Worrying about your children is pointless.
Vaani and I host a quarterly Event Series called Heart of Matter – Happiness Conversations along with the InKo Centre here in Chennai. At last weekend’s edition, we were in conversation with parents of special children. We talked about how parents coped with their new realities, and how they demonstrated grit and acceptance, to help their children pave inspirational paths. One of the parents, M.S.Ramesh, who is the father of entrepreneurs Sriram and Sunder Ram (both of whom were struck by cerebral palsy in their childhood) of Twin Twigs, had this to say: “When the doctors gave me this diagnosis about my children, my first reaction was ‘what next’….I didn’t ask ‘why’ or ‘why us’…I just moved on practically, to consider the next course of action.”

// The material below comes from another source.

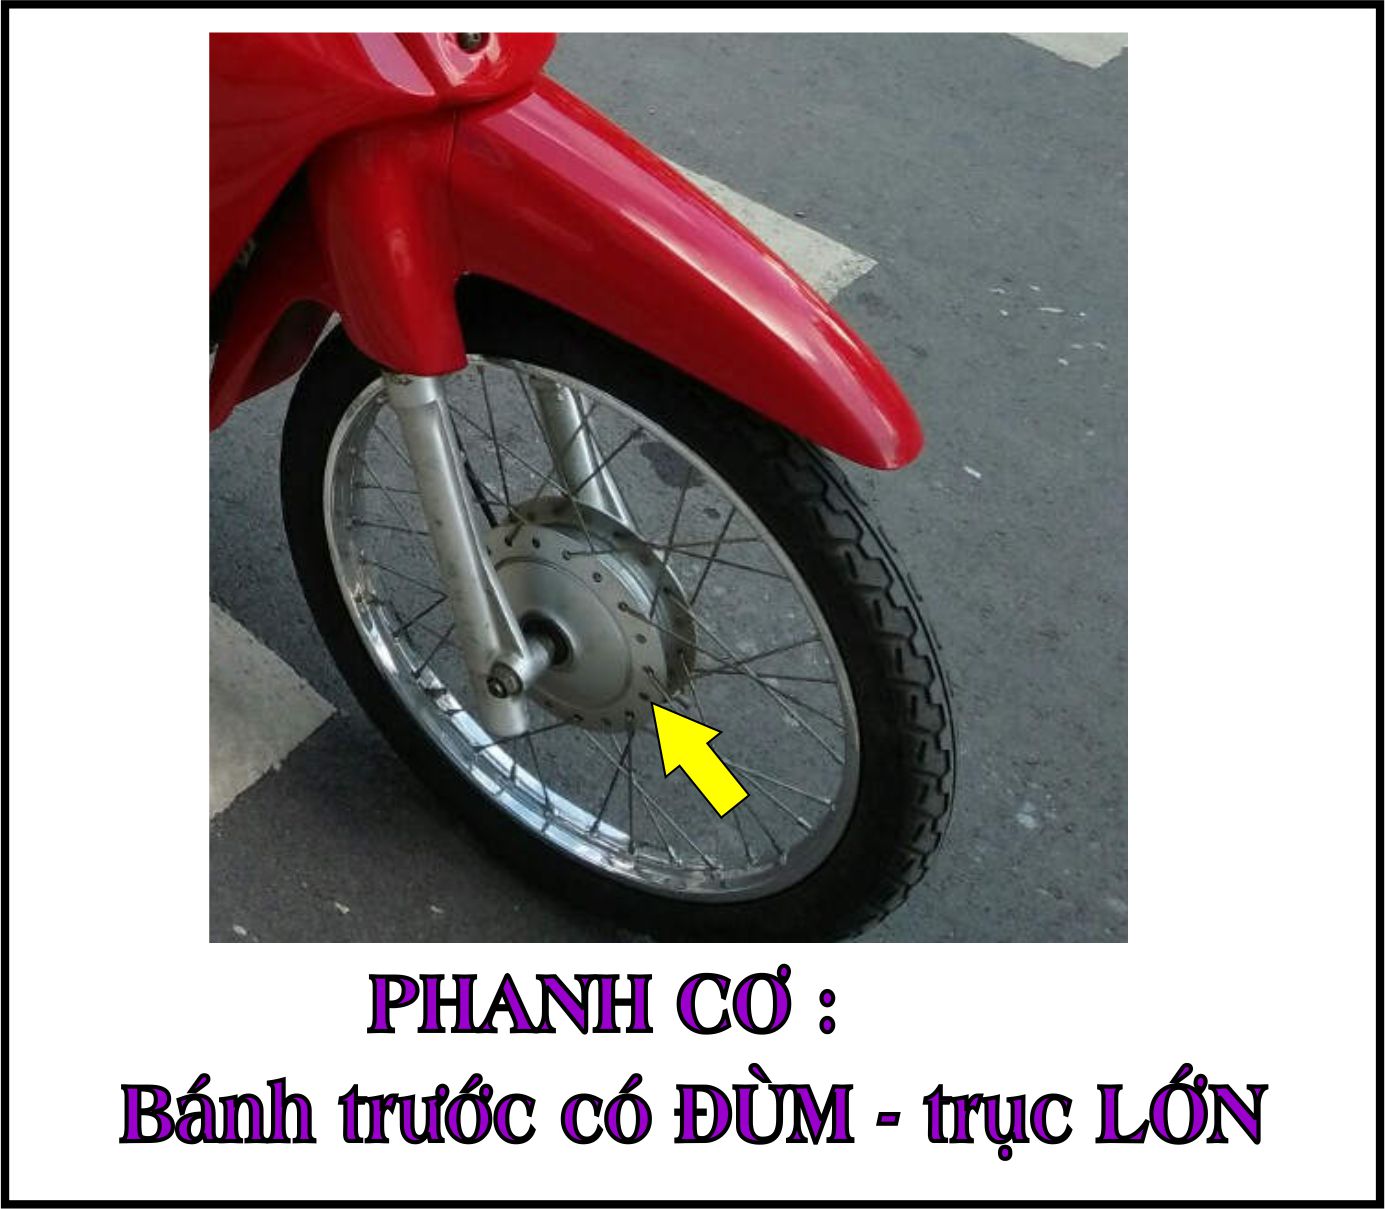 [ TẶNG TEM] Bộ vỏ nhựa màu XANH DA cho xe Wave 110 - Wave  Thái  - Wave Zx đời 1997 đến 2006- TKB-561(8047)

I find phenomenal value in embracing Ramesh’s approach and philosophy to parenting. Although we all know that worrying itself is futile, we still worry. Worse, we worry more about our children, than about ourselves, only because we feel protective towards and possessive about them.
As parents, all of us want our children to live comfortable and happily. We don’t wish that pain, in any form, touch them. Now, the truth is, what we wish for as parents is never going to happen. Our children are going to encounter pain, they are going to suffer if they don’t learn to be accepting of the Life that they get, they are going to be unhappy until they learn how to live in this world and yet be above it. Important, our children are possibly going to end up making the same mistakes that we made and what we don’t want them to make. They are more likely to reject our sage counsel than accept them. They are sure to stumble, fall down, grope in the dark, fight, resist, kick-about and then come around to discovering that their parents (aka us) were, after all, right. A young lady, in her late 20s now, we met last week said how much she could relate to what her parents had told her during her adolescent years and through young adulthood. “I feel they were sincere and profound with their perspectives. Every word rings true now,” she confessed.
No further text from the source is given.